→ EXERCISE REQUIREMENTS: Could you write out exactly, and only, the lines from the one containing "Kurz nach Sonnenaufgang, in" through the last line of the data, leaving out all pictures?

→ DATA SECTION:
↓↓↓
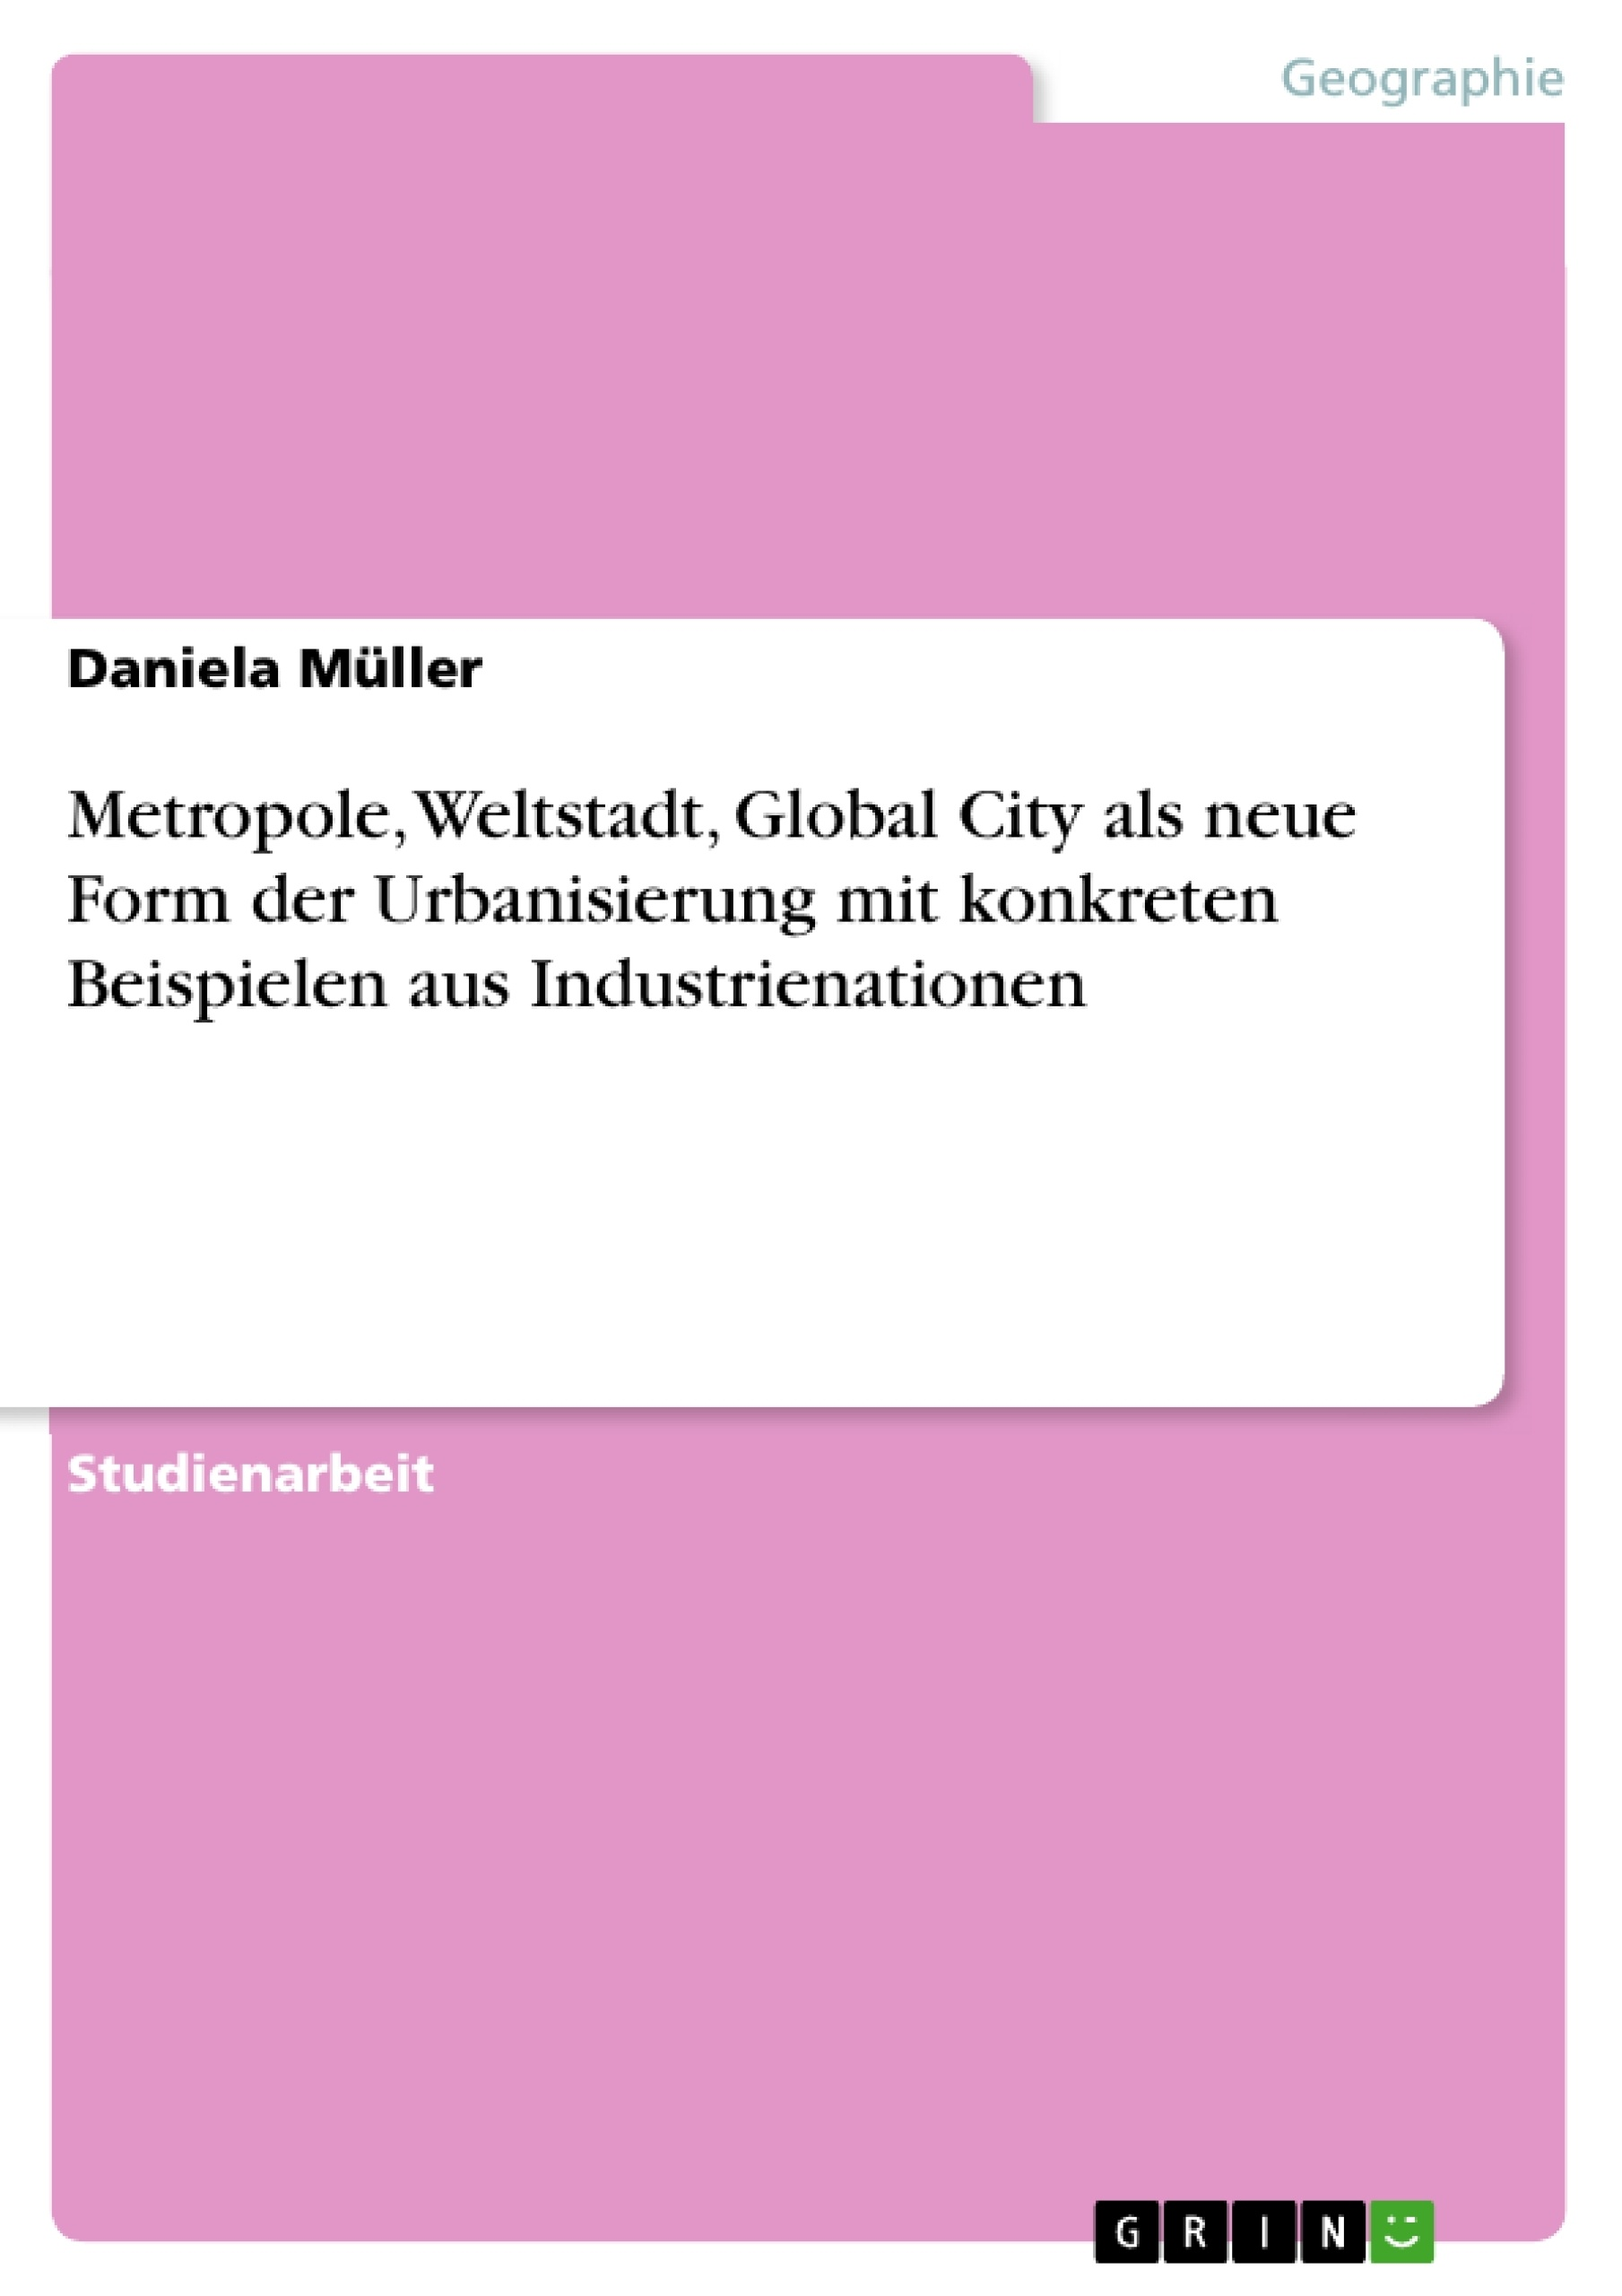 Titel: Metropole, Weltstadt, Global City als neue Form der Urbanisierung mit konkreten Beispielen aus Industrienationen
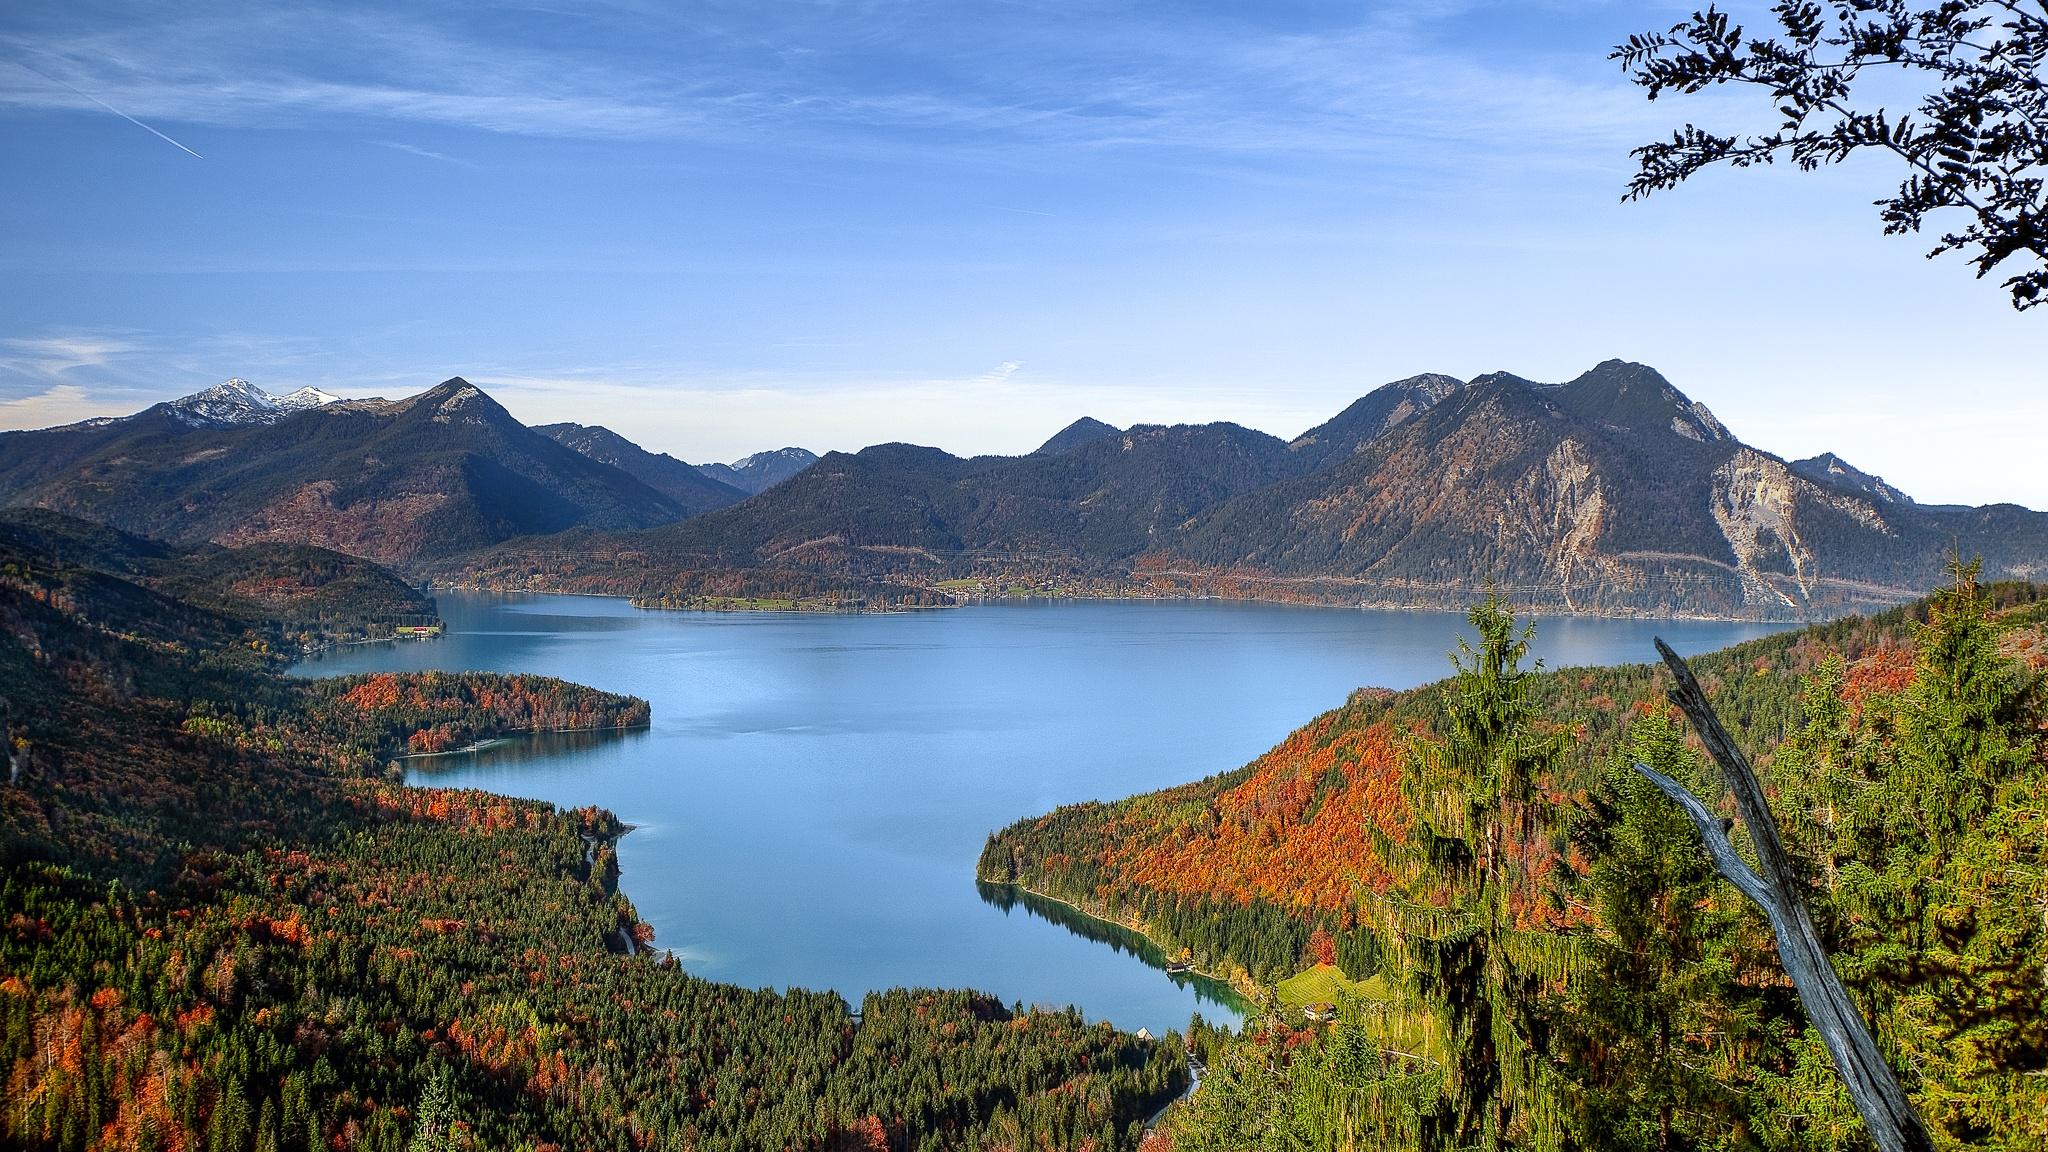 Kurz nach Sonnenaufgang, in der goldenen Stunde, erstrahlen die Laubbäume rund um den Walchensee in bunten Herbstfarben.
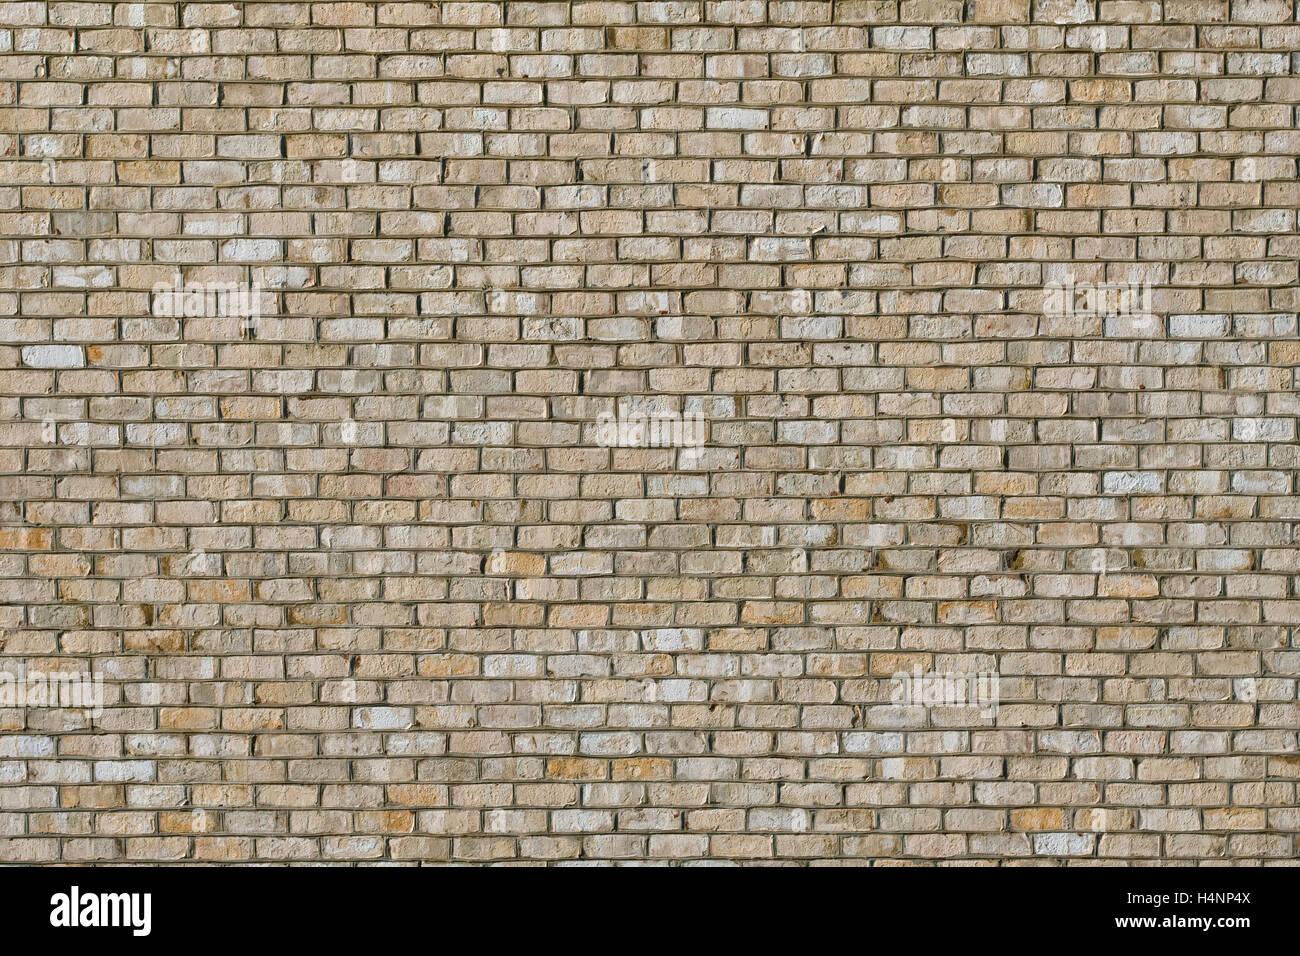 Luce colorata e parete di mattoni. Mattoni di colore bianco Immagini Stock
↑↑↑
→ FINAL ANSWER:
 Kurz nach Sonnenaufgang, in der goldenen Stunde, erstrahlen die Laubbäume rund um den Walchensee in bunten Herbstfarben.
 Luce colorata e parete di mattoni. Mattoni di colore bianco Immagini Stock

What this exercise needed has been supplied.